Skip to main content

PCRE – Perl Compatible Regular Expressions

Overview

PCRE is a full-featured regular expression library that implements the Perl syntax and semantics. It provides powerful pattern matching capabilities, including lookarounds, backreferences, and advanced capture handling.
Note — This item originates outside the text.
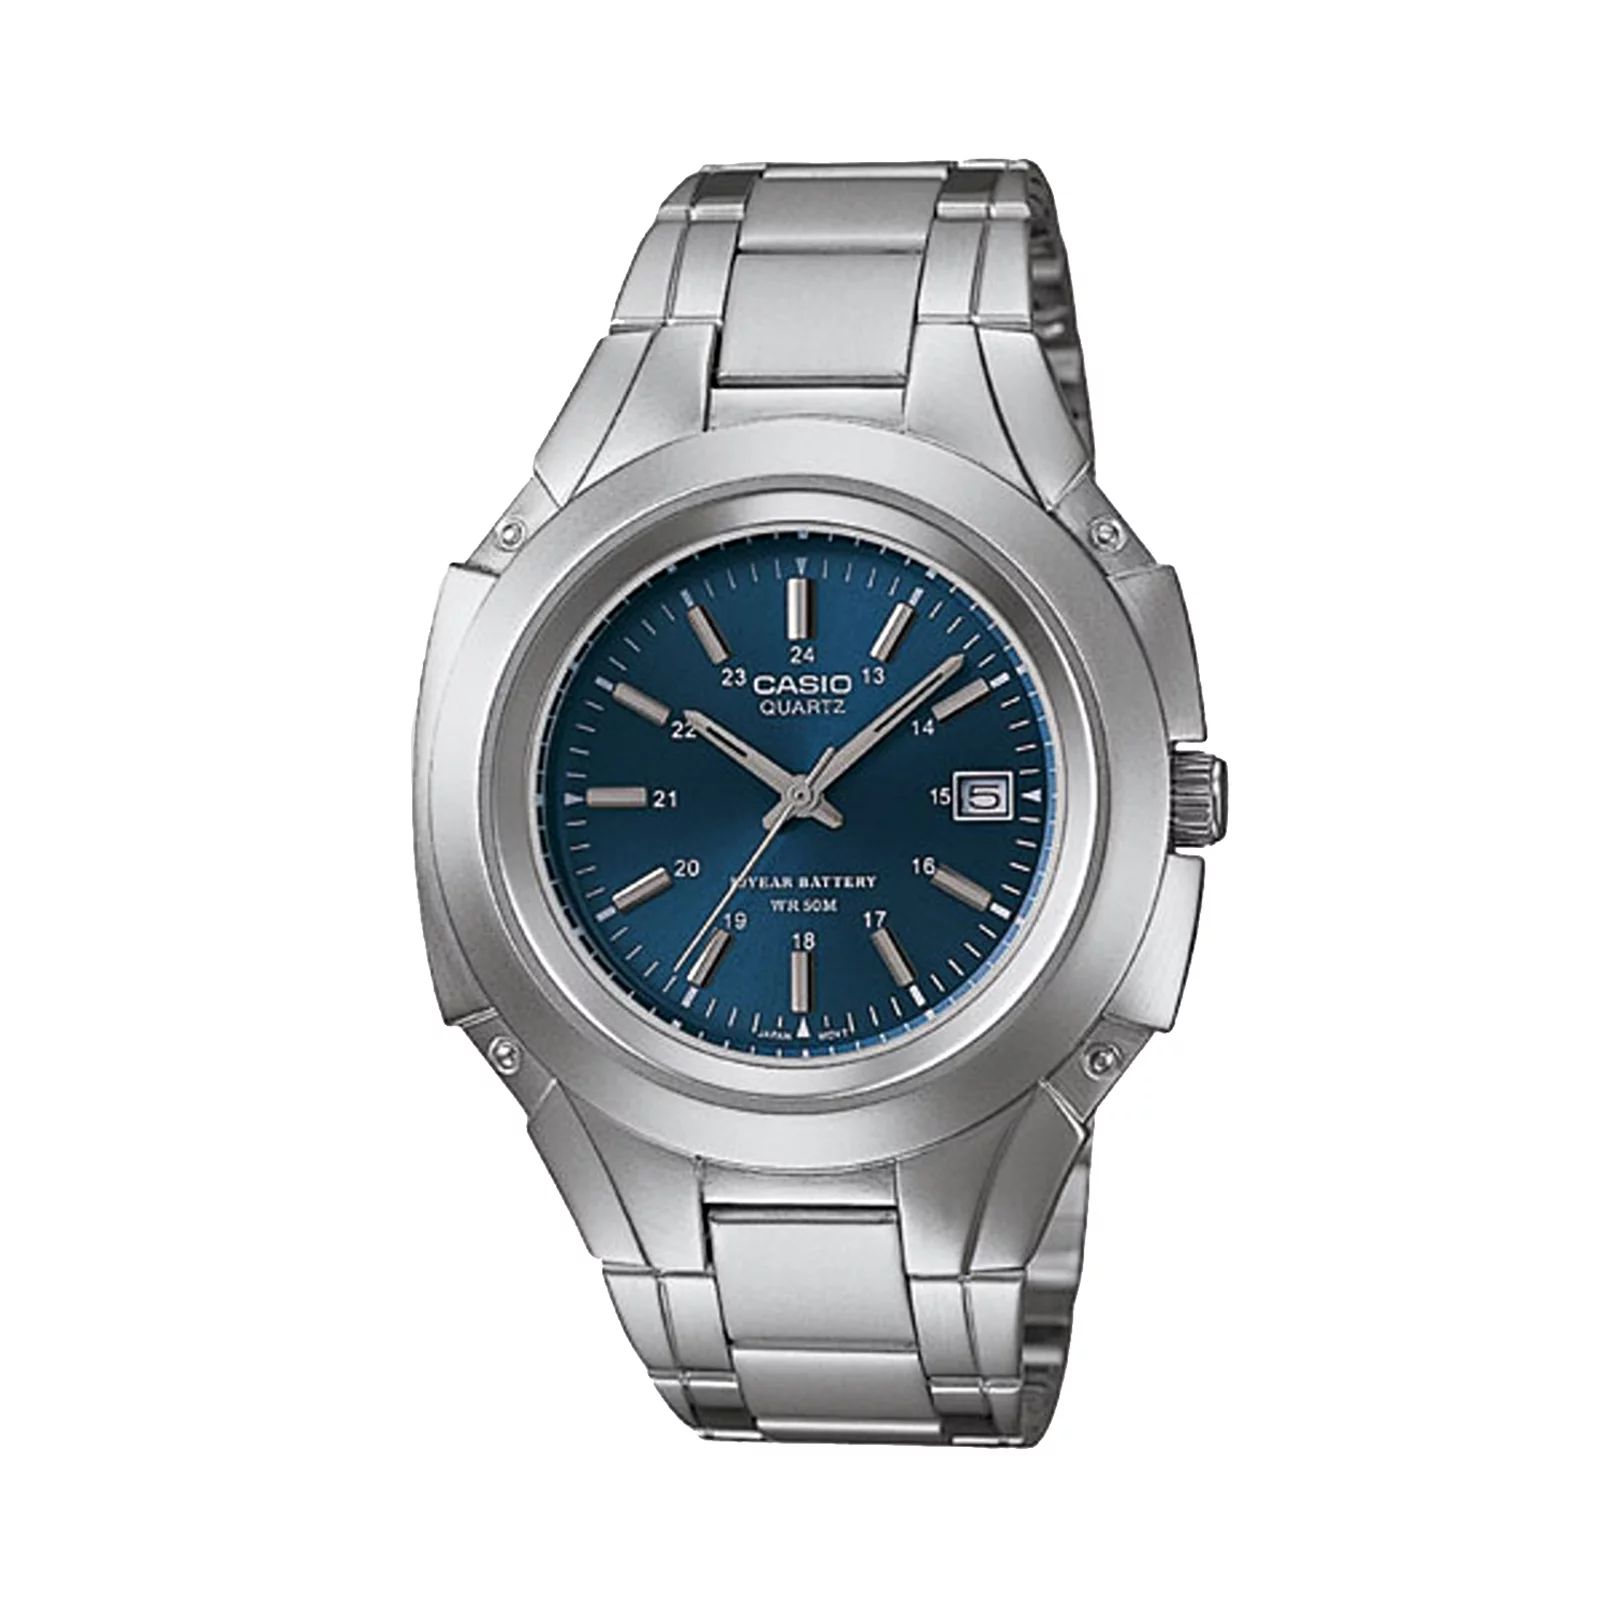 Casio Men's Stainless Steel 10-Year Battery Watch - MTP3050D-2AV | Kohl's

PCRE uses a backtracking engine, which allows flexible and expressive regex patterns but can lead to exponential execution time for certain pathological patterns. It is best suited for controlled environments where input patterns are trusted, such as batch processing or offline text analysis.

Key Features

  • Full Perl syntax support: Lookaheads, lookbehinds, backreferences, and conditional patterns.
  • Dynamic compilation: Regex patterns can be compiled at runtime.
  • Capture groups: Supports numbered and named captures.
  • Unicode support: Handles UTF-8, UTF-16, and other encodings.
  • Flexible matching options: Partial matches, global matches, and custom flags.

Typical Use Cases

  • Offline text processing and transformation.
  • Advanced pattern matching for logs, documents, or corpora.
  • Controlled batch analytics where performance guarantees are not critical.

Industrial Fit

RequirementPCRE Support
Full Perl regex syntax✔️
Dynamic pattern compilation✔️
Safe for untrusted input
Predictable performance
Capture groups✔️
Unicode support✔️

C++ Example

#include <pcre.h>
#include <iostream>
#include <string>

int main() {
const char* pattern = "User: (\\w+), Score: (\\d+)";
const char* subject = "User: Alice, Score: 42";
const char* error;
int erroffset;

pcre* re = pcre_compile(pattern, 0, &error, &erroffset, nullptr);
if (!re) return 1;

int ovector[30];
int rc = pcre_exec(re, nullptr, subject, strlen(subject), 0, 0, ovector, 30);
if (rc >= 0) {
std::cout.write(subject + ovector[2], ovector[3] - ovector[2]);
std::cout << " ";
std::cout.write(subject + ovector[4], ovector[5] - ovector[4]);
std::cout << std::endl;
}

pcre_free(re);
return 0;
}